I know that 1 (mod 27) ≡ K implies that K = 27a + 1 where a is an integer.
Thus I must show that (3k+1)^9 can turn out in that way. But the power is 9, that's a lot!!! Isn't there an easier way to show this?
Here's how I think the best way to go about this is. Note that $\displaystyle (3k+1,27)=1$ and so by Euler's theorem this implies that $\displaystyle (3k+1)^{\varphi(27)}=(3k+1)^{18}\equiv1\text{ mod }27$. This tells us that $\displaystyle x^2=1\text{ mod }27$ where $\displaystyle x=(3k+1)^{9}$. From this we may conclude that $\displaystyle (3k+1)^9\equiv \pm a\text{ mod }27$. Now, why is $\displaystyle (3k+1)^9\not\equiv-1\text{ mod }27$?

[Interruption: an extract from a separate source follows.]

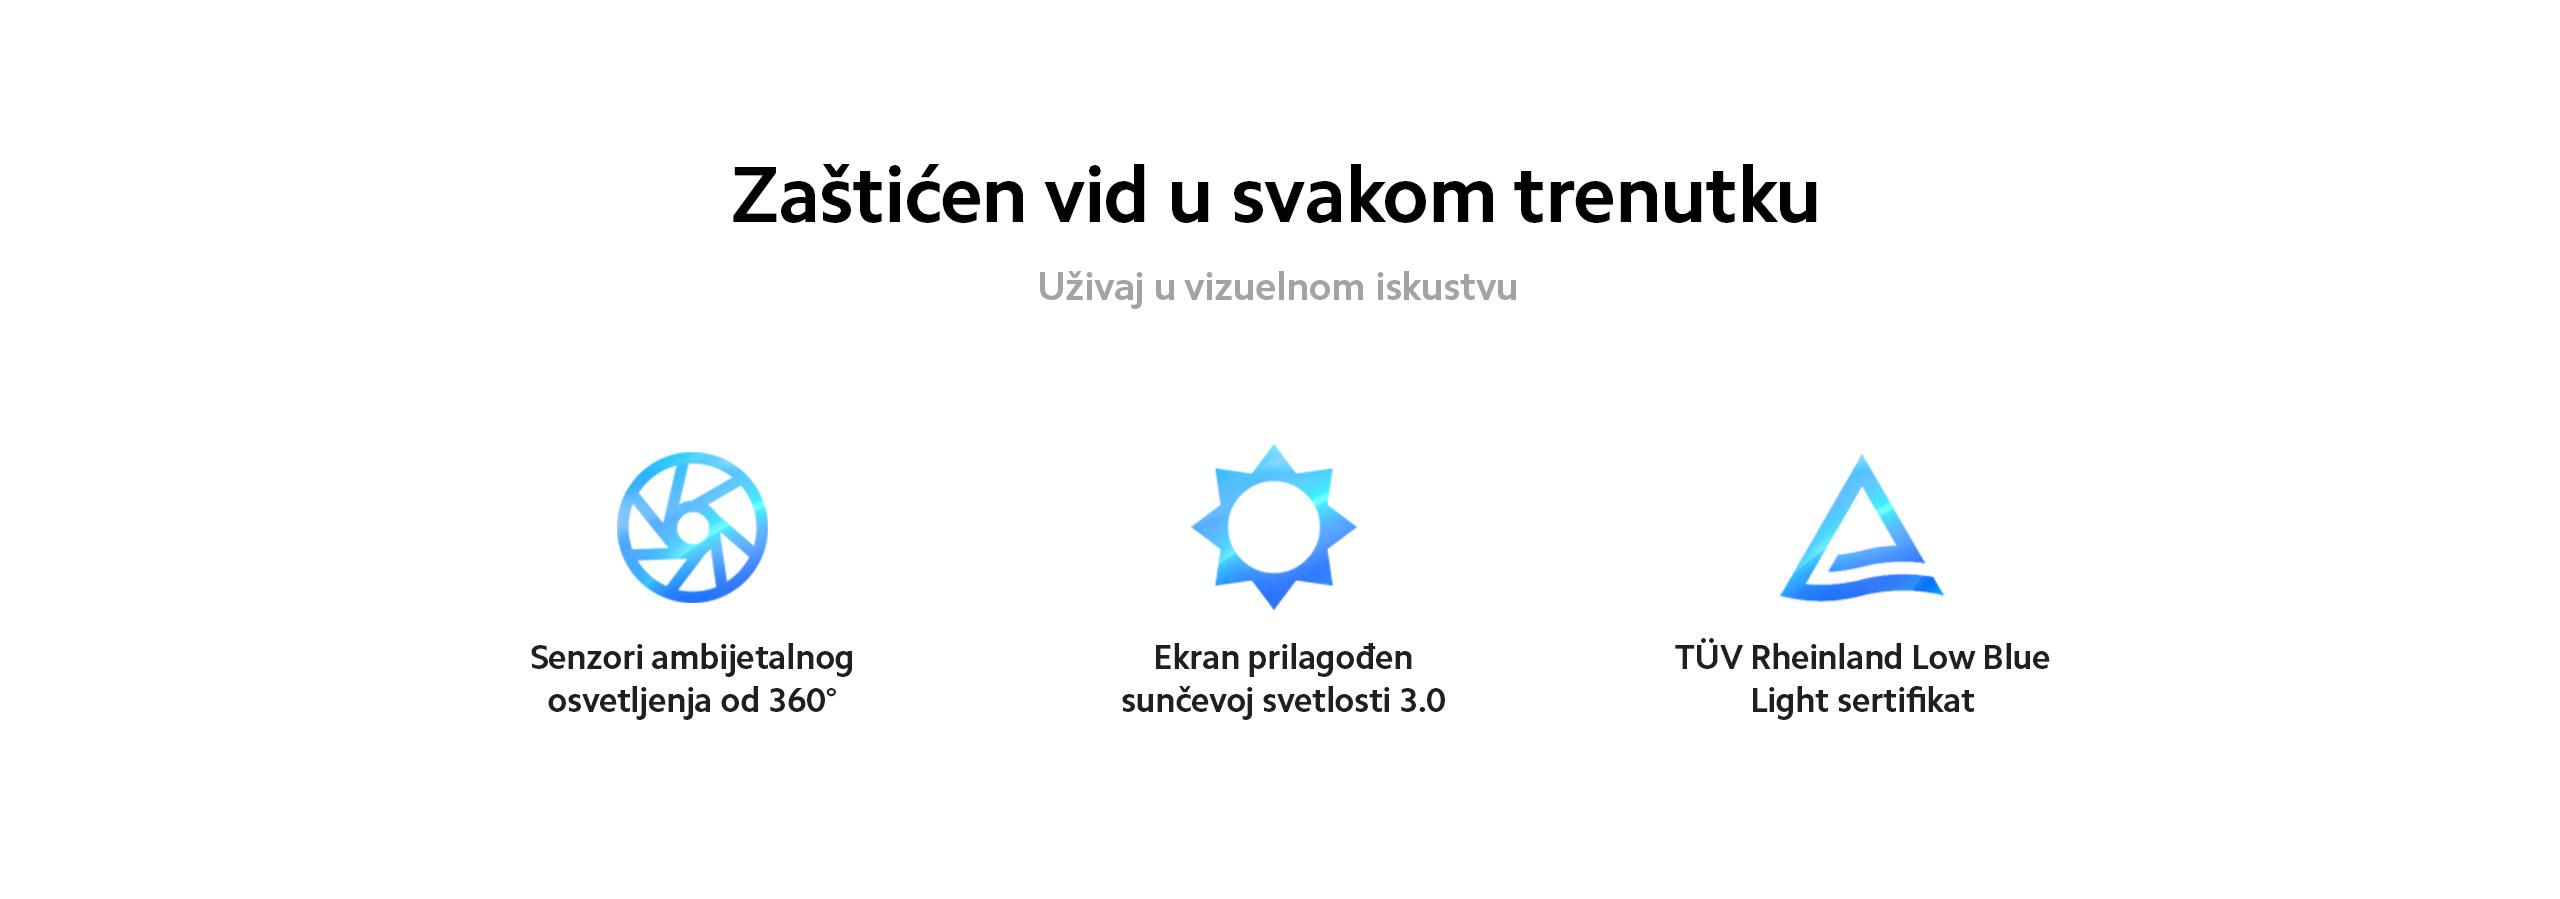 https://mi-srbija.rs/storage/media/2020/11/5/e62c6e12-624c-4378-ade3-e06208352969.jpg

another way is to use the binomial theorem...now, i know what you're thinking...that's a lot of calculation, but:
every term is going to be of the form a(3k)^n. all the terms for n > 2 are going to disappear since (3k)^3 = (27)(k^3) = 0 (mod 27).
so that leaves just the 9k^2, 3k and constant term.
the constant term is going to be 1^9 = 1.
the coefficient of the 3k term is going to be 9, and 9(3k) = 27k = 0 (mod 27).
the coefficient of the (3k)^2 term is going to be 9!/(2!7!) = (8)(9)/2 = 36, and (36)(3k)^2 = (27)(4k^2) = 0 (mod 27),
so only the constant term survives, and that's 1.
The binomial theorem is $\displaystyle (1+\phi)^n = \sum_{k=0}^n {n \choose k}\phi^k $
In your case $\displaystyle \phi = 3x$
$\displaystyle (1+3x)^9 = $
$\displaystyle 1 + {9 \choose 1}(3x)^1 + {9 \choose 2}(3x)^2 + {9 \choose 3}(3x)^3 + {9 \choose 4}(3x)^4 + {9 \choose 5}(3x)^5 +{9 \choose 6}(3x)^6$
$\displaystyle + {9 \choose 7}(3x)^7+ {9 \choose 8}(3x)^8 + (3x)^9$
Also note that $\displaystyle a^b = a^{c+d} = a^ca^d$ given that $\displaystyle b = c+d$
In our case take note that for each term above $\displaystyle {9 \choose 2}(3x)^2$ the exponent can be expressed as
$\displaystyle {9 \choose k}(3x)^{3+k}$ which, due to the law of exponents is the same as $\displaystyle {9 \choose k}(3x)^3(3x)^k$ (where k is a non-negative integer)
We also know from our laws of exponents that $\displaystyle (3x)^3 = 27x^3$ and so each term which has a $\displaystyle (3x)^n$ term where $\displaystyle n \geq 3$ will be a multiple of 27.
If a number is a multiple of 27 then it is $\displaystyle 0(\mod 27)$
This means that each term above $\displaystyle {9 \choose 2}(3x)^2$ will be $\displaystyle 0(\mod 27)$ (because they're all multiples of 27) and we're simply adding 0 after the third term.
Therefore we look at our first two terms $\displaystyle 1 + {9 \choose 1}(3x)^1 + {9 \choose 2}(3x)^2 = 1 + 9(3x) + 36(9x^2) = 1 + 27x + 324x^2$
You can then take those terms to mod 27 and be left with the constant. Does that make more sense?